Smith chose Ray Baker to serve as her next producer. Baker had operated a publishing company and produced several song demos that prompted Smith to choose him. The pair had a more agreeable relationship and recorded together throughout the decade. Baker produced Smith's next Columbia album, titled That's the Way Love Goes (1974). The LP featured several original recordings and cover tunes. The album included "Ain't Love a Good Thing", which was released as a single and became her 18th top-10 song on the Billboard country chart. Although she recorded two gospel projects in 1974, the label waited until 1975 to release both LPs. Instead, Columbia released a secular project titled I Never Knew (What That Song Meant Before) (1974). Its title track became a top-20 Billboard country single, peaking at number 13. It was followed in 1975 by the traditional country LP I Got a Lot of Hurtin' Done Today/I've Got My Baby On My Mind. Both "I've Got My Baby on My Mind" and Smith's cover of Hank Williams's "Why Don't You Love Me" reached the country top 20.

Music critics noticed a change in Smith's vocals following her Columbia switch. When reviewing the compilation, Connie Smith Sings Her Hits, Thom Jurek of Allmusic commented that she lost the "grain" in her voice: "It could be said, that regardless of the material, she never made a bad record; the tunes were carefully chosen, it's true, but she never tried to hide the hardcore twang in her vocal style." Smith's biographer, Barry Mazor, found her voice to "lower in range by this point" and saw evidence of Columbia attempting to "push her recorded vocal into the upper end of her range". Other critics noticed stylistic changes, but observed no change in her singing.

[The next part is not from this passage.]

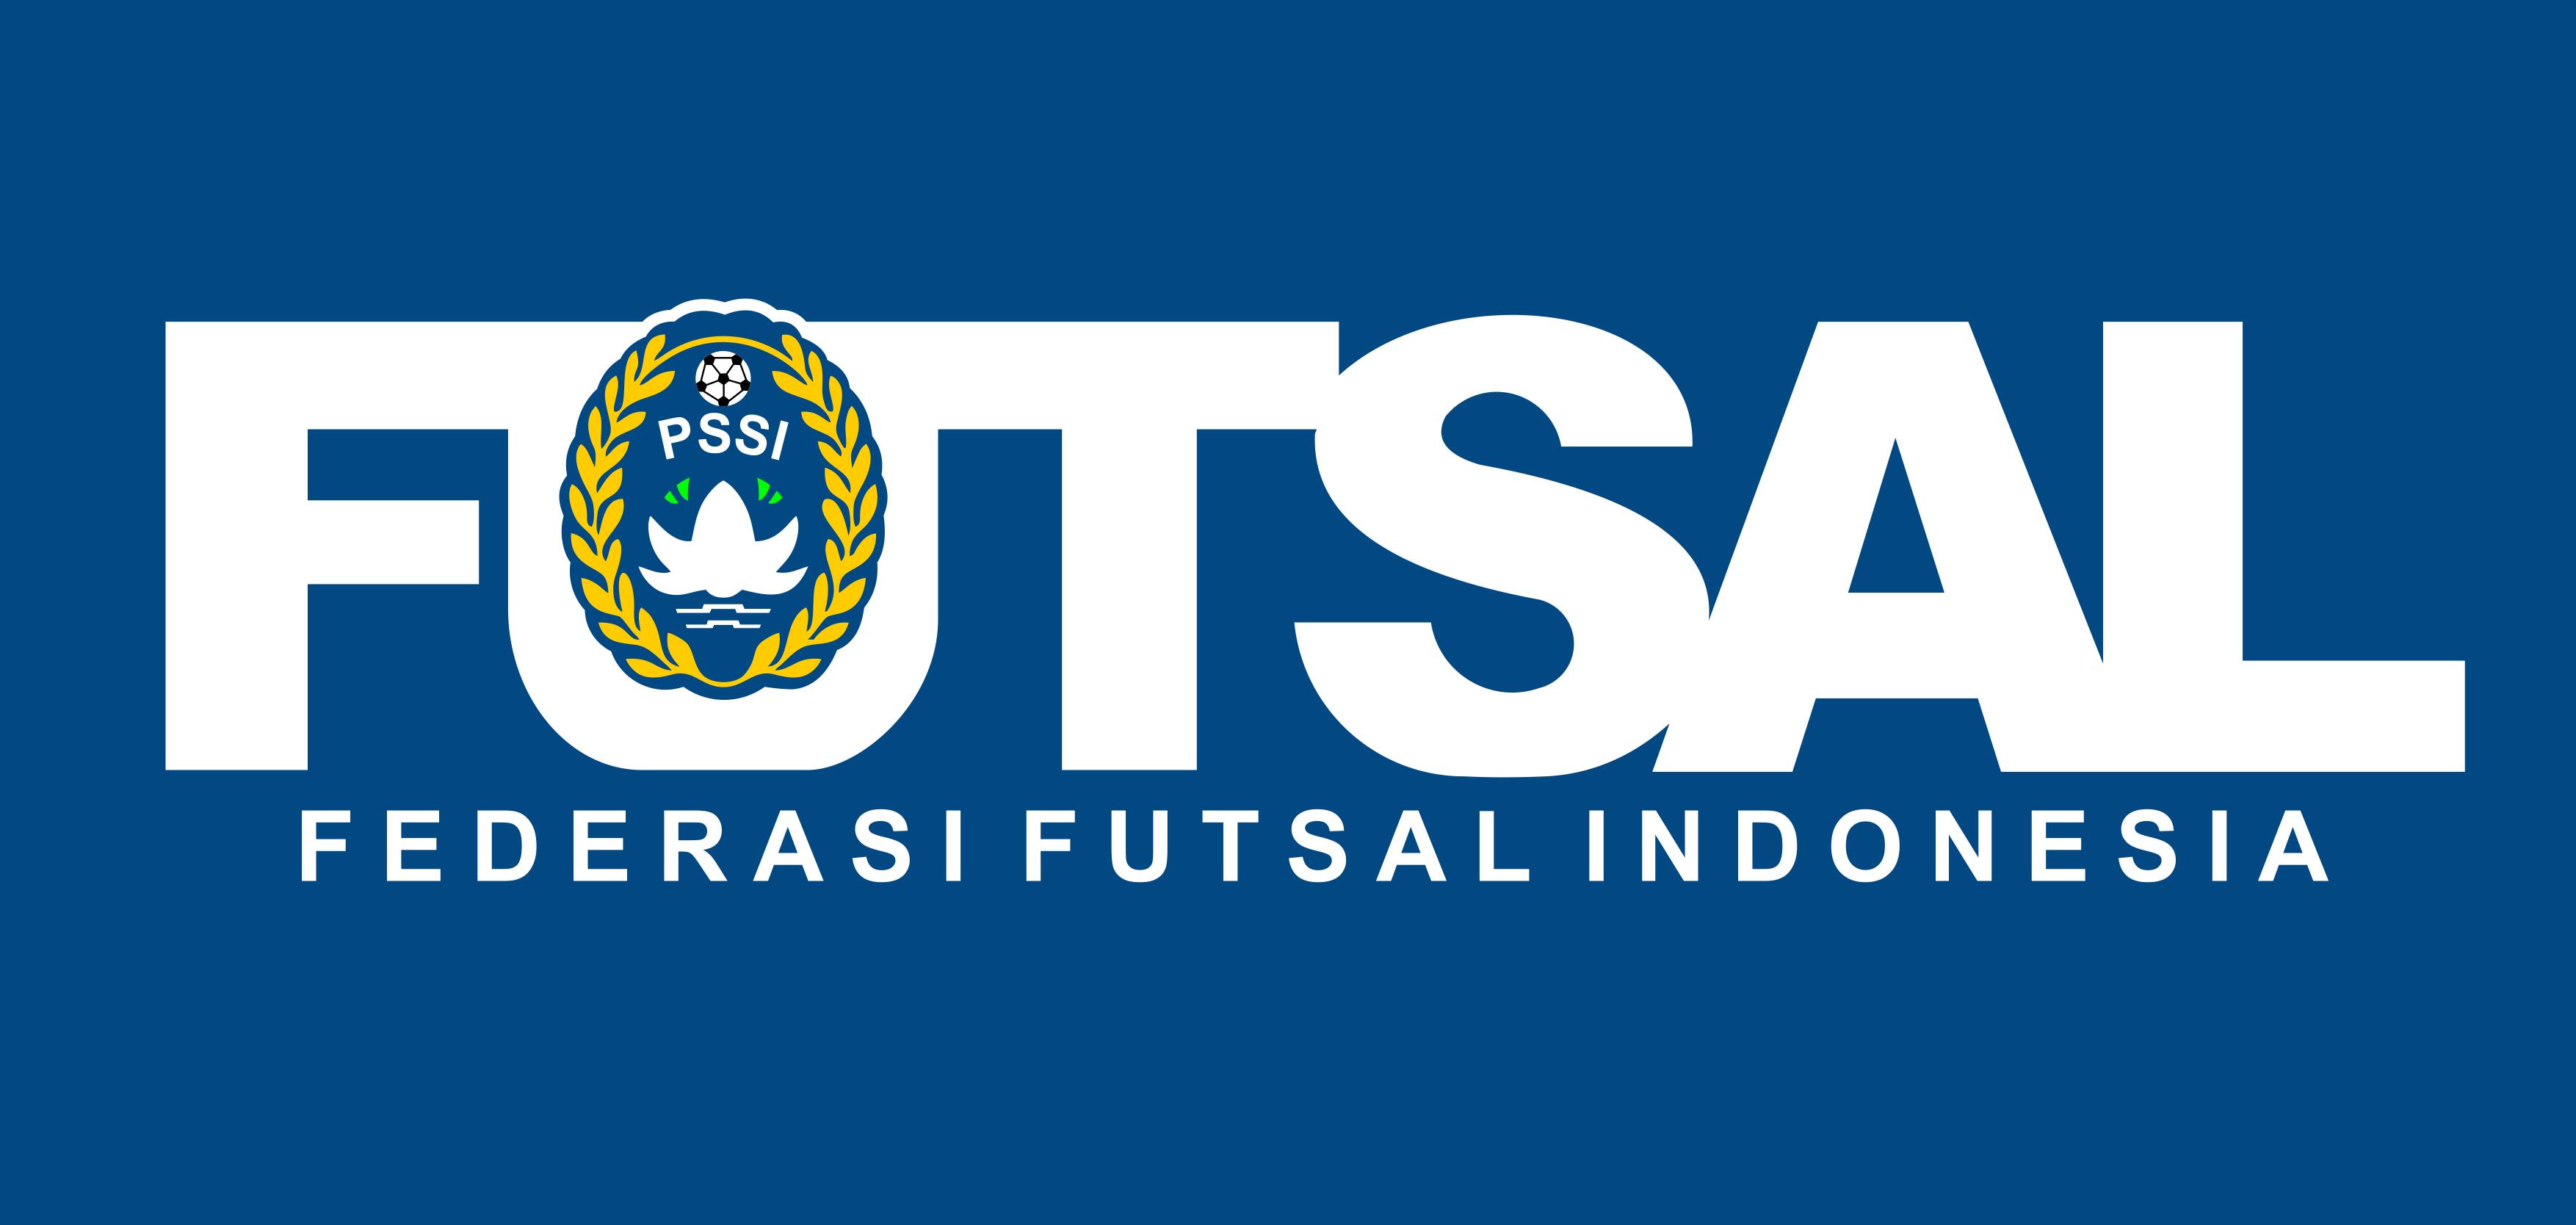 LOGO-FEDERASI-FUTSAL-INDONESIA-BIRU

NPR's Ken Tucker found her recordings in this era to feature more pop instrumentation, but did not "obscure the passion and pain she communicated so fearlessly".

In 1975, Columbia released both of her 1974 gospel projects. The first was Connie Smith Sings Hank Williams Gospel. For the album, Smith and Baker went through the Hank Williams catalog, where they came across a series of never-before-released gospel songs. The result was the first album of Hank Williams gospel material recorded by another artist. In 1976, the project was nominated by the Grammy Awards for Best Gospel Performance. The second 1975 religious LP was the gospel-influenced Christmas album titled Joy to the World. In 1976, Columbia issued two more country albums of Smith's material: The Song We Fell in Love To and I Don't Wanna Talk It Over Anymore. Both LPs peaked in the Billboard country albums top 40. The albums included the number-13 country single "I Don't Wanna Talk It Over Anymore" and her 20th top 10, a remake of the Everly Brothers's "(Till) I Kissed You". The latter was Smith's second single to top Canada's RPM country chart.

In 1977, Smith moved to Fred Foster's Nashville label Monument Records. She was pressured into recording more country pop material than before and was given singing lessons by a songwriter. "He [Fred Foster] wanted to mold me into something that I wasn't comfortable with," Smith commented. "That's why that never worked." AllMusic's Stephen Thomas Erlewine found her Monument music to have "state-of-the-art production that dates instantly, walks the line between crossover pop and country-pop rather clumsily, and lacks good material." Monument released two LPs of Smith's material between 1977 and 1978. Her only commercially successful Monument single was a cover of Andy Gibb's "I Just Want to Be Your Everything". The single climbed to number 14 on the Billboard country chart. Yet, her other Monument releases reached progressively lower positions on the country chart between 1978 and 1979. Furthermore, Smith had five children by this point and felt pressured to be at home with her family. Ultimately, Smith decided to leave her country music career entirely to focus on raising her children and tending to her religious needs.

===1983–2003: Semi-retirement and return to music===
For three years, Smith remained in semi-retirement, committing only to occasional performances at the Grand Ole Opry, where she remained a member. At the Opry, she only performed gospel songs. She decided to return to her career, though, in 1983. She resigned with Monument Records, but left after the label filed for bankruptcy. Instead, singer and songwriter Ricky Skaggs helped her secure a new recording contract with Epic Records. The first single, "A Far Cry from You" (1985), was written by alternative country artist Steve Earle. It reached number 71 on the Hot Country Songs chart.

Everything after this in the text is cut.